▸ What is being asked
In the entries below, every line with the string "necklace" is to be reported.

Items listed in a dataset
================
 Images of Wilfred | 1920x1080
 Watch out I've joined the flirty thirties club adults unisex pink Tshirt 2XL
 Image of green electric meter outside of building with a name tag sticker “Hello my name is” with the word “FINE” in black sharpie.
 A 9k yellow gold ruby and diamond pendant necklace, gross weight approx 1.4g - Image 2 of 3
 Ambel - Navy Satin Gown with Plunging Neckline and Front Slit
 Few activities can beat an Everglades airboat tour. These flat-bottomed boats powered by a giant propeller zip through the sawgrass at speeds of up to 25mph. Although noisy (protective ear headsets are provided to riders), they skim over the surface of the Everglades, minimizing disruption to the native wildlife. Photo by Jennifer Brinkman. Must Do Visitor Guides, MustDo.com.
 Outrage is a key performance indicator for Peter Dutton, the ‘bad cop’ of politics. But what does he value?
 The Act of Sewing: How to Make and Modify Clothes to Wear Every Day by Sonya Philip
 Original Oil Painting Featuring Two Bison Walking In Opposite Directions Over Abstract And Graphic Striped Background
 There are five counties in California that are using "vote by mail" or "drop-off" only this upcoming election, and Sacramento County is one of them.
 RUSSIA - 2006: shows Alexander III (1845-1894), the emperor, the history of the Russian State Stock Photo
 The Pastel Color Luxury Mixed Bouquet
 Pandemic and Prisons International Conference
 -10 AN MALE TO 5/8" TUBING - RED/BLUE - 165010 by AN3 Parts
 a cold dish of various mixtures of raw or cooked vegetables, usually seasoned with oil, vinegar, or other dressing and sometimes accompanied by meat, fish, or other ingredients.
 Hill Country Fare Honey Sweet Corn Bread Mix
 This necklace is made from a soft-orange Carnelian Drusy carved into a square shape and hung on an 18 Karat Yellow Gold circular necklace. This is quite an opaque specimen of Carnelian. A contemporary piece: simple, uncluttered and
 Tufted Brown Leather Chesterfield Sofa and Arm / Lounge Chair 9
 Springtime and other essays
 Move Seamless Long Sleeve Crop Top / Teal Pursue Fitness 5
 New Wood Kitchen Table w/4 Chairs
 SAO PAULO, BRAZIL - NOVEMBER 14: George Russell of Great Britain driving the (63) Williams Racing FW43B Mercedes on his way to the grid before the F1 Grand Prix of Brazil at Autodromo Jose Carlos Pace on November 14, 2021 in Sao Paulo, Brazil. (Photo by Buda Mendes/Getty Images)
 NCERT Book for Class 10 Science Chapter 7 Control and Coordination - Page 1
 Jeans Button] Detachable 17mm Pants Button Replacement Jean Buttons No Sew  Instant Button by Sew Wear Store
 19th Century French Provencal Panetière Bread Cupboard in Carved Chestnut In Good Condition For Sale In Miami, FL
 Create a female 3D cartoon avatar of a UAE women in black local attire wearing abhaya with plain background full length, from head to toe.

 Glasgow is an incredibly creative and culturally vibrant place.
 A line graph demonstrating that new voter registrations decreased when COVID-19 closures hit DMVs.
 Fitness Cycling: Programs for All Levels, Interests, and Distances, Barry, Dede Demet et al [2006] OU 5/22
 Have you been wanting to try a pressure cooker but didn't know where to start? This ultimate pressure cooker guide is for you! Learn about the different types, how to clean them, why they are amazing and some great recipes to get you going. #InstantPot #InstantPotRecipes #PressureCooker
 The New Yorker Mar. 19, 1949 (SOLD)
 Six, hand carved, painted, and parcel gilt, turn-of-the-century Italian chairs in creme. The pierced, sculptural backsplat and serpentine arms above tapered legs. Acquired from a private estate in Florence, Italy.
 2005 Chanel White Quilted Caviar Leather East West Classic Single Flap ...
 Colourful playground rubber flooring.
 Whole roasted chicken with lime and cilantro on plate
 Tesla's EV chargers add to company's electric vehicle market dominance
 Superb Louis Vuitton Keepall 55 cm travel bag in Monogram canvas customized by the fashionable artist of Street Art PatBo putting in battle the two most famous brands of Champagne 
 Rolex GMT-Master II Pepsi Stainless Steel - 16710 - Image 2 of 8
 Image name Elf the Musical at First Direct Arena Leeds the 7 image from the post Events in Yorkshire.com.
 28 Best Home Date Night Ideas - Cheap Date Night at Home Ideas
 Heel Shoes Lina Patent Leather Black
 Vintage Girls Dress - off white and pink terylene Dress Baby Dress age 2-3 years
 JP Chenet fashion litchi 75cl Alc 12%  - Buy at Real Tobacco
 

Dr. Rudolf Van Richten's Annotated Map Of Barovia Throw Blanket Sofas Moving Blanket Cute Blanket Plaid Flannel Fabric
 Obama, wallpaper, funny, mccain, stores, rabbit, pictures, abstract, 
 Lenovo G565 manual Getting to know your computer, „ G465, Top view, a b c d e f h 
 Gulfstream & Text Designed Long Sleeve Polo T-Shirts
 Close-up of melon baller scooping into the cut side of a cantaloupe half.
================
▸ Output below
 A 9k yellow gold ruby and diamond pendant necklace, gross weight approx 1.4g - Image 2 of 3
 This necklace is made from a soft-orange Carnelian Drusy carved into a square shape and hung on an 18 Karat Yellow Gold circular necklace. This is quite an opaque specimen of Carnelian. A contemporary piece: simple, uncluttered and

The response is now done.